How foreign keys enforce referential integrity:

-- Parent table (referenced table)
CREATE TABLE customers (
    customer_id INT PRIMARY KEY,
    customer_name VARCHAR(100),
    email VARCHAR(100)
);

-- Child table (referencing table)
CREATE TABLE orders (
    order_id INT PRIMARY KEY,
    customer_id INT,
    order_date DATE,
    total_amount DECIMAL(10,2),
    FOREIGN KEY (customer_id) REFERENCES customers(customer_id)
);

This foreign key constraint ensures that every customer_id in the orders table must correspond to an existing customer_id in the customers table.

Referential integrity rules enforced:

Rule	Description	Example
Insert Rule	Cannot insert a record with a foreign key value that doesn't exist in parent table	Cannot create order for non-existent customer
Update Rule	Cannot update foreign key to a value that doesn't exist in parent table	Cannot change order's customer_id to invalid customer
Delete Rule	Cannot delete a parent record if child records reference it	Cannot delete customer who has orders (without handling children)

-- These operations will FAIL due to referential integrity:

-- 1. Insert order for non-existent customer
INSERT INTO orders (order_id, customer_id, order_date, total_amount)
VALUES (101, 999, '2024-01-15', 150.00); -- ERROR: customer_id 999 doesn't exist

-- 2. Update order to reference non-existent customer  
UPDATE orders SET customer_id = 888 WHERE order_id = 101; -- ERROR: customer_id 888 doesn't exist

-- 3. Delete customer who has orders
DELETE FROM customers WHERE customer_id = 1; -- ERROR: orders reference this customer

Handling referential integrity with cascading actions:

CREATE TABLE orders (
    order_id INT PRIMARY KEY,
    customer_id INT,
    order_date DATE,
    total_amount DECIMAL(10,2),
    FOREIGN KEY (customer_id) REFERENCES customers(customer_id)
        ON DELETE CASCADE    -- Delete orders when customer is deleted
        ON UPDATE CASCADE    -- Update orders when customer_id changes
);

-- Alternative cascading options:
-- ON DELETE SET NULL     -- Set foreign key to NULL when parent is deleted
-- ON DELETE RESTRICT     -- Prevent deletion of parent if children exist  
-- ON UPDATE SET NULL     -- Set foreign key to NULL when parent key changes
-- ON UPDATE RESTRICT     -- Prevent update of parent key if children exist

The CASCADE option automatically handles child records when parent records are modified, maintaining referential integrity while allowing necessary operations.

Benefits of foreign keys:

Data Consistency: Prevents orphaned records and invalid references
Data Quality: Ensures relationships between tables remain valid
Documentation: Explicitly defines table relationships in schema
Query Optimization: Database can use foreign keys for join optimization

References:

↑ Back to top

What is the difference between a clustered and non-clustered index?

Indexes are database structures that improve query performance by creating shortcuts to data.

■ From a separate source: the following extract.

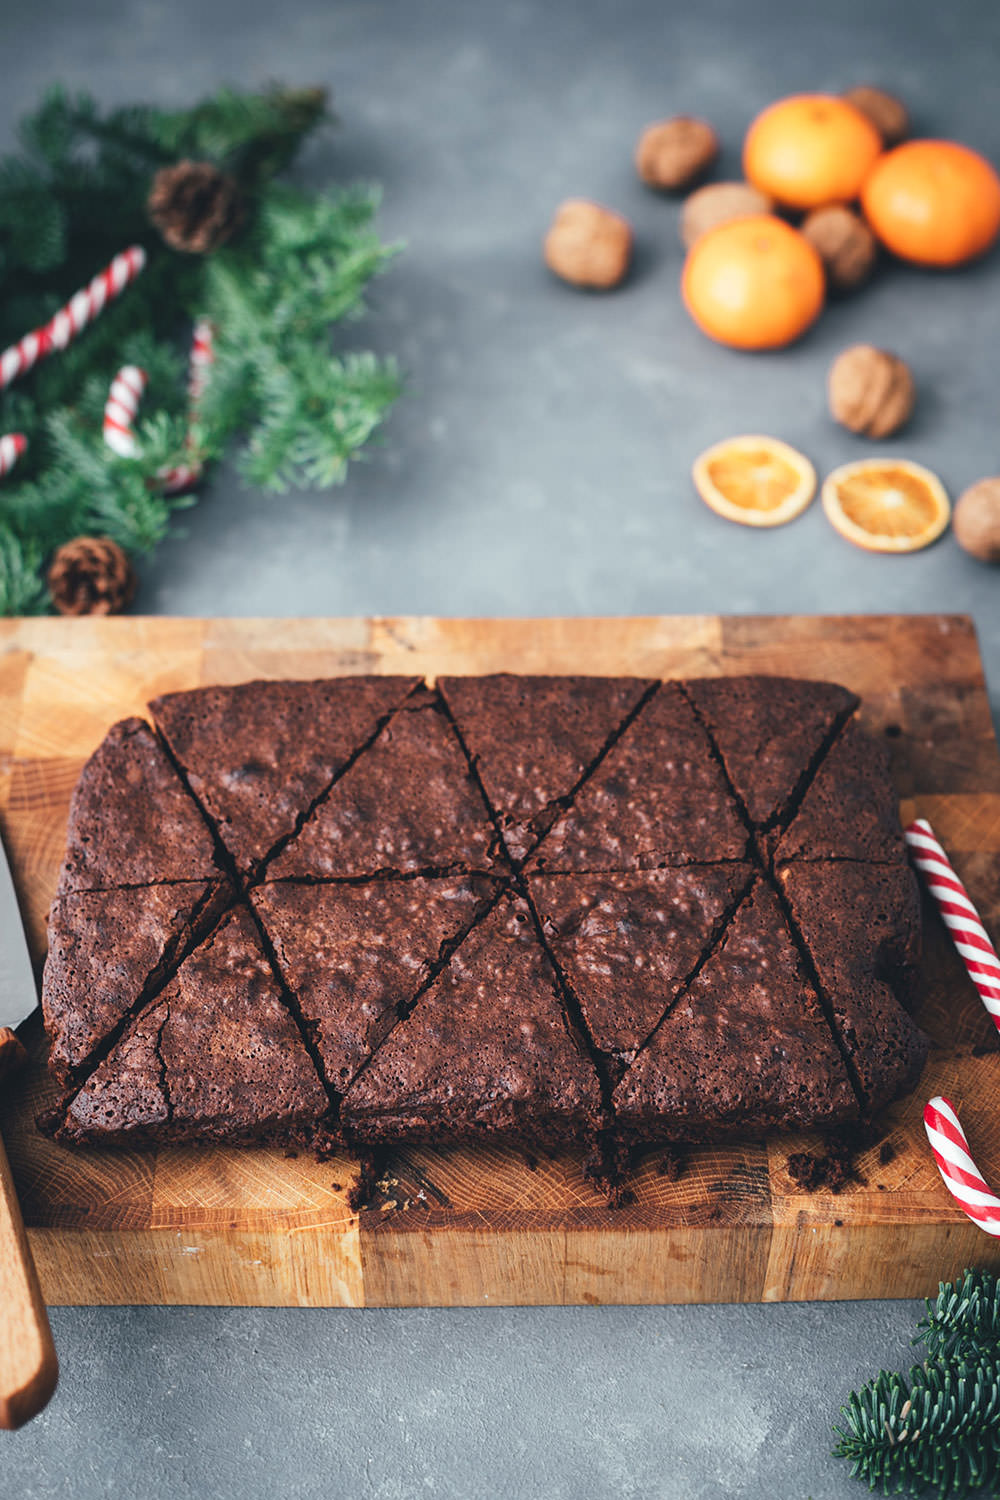 Rezept für Weihnachtsbaum-Brownies – das sind einfache Brownies in Tannenbaum-Form, die mit Zuckerstangen, Zuckerguss und bunten Perlen verziert werden. Ein Spaß für die ganze Familie und das perfekte Gebäck für die Advents- und Weihnachtszeit!

The fundamental difference between clustered and non-clustered indexes lies in how they store and organize the actual table data.

Clustered Index

A clustered index determines the physical storage order of data in the table. The table data is stored in the same order as the clustered index key.

-- Creating a clustered index (usually on primary key)
CREATE TABLE employees (
    emp_id INT PRIMARY KEY,        -- Automatically creates clustered index
    last_name VARCHAR(50),
    first_name VARCHAR(50),
    department_id INT,
    salary DECIMAL(10,2)
);

-- Explicit clustered index creation (SQL Server syntax)
CREATE CLUSTERED INDEX IX_employees_emp_id ON employees(emp_id);

Non-Clustered Index

A non-clustered index is a separate structure that contains pointers to the actual data rows. The table data remains in its original physical order.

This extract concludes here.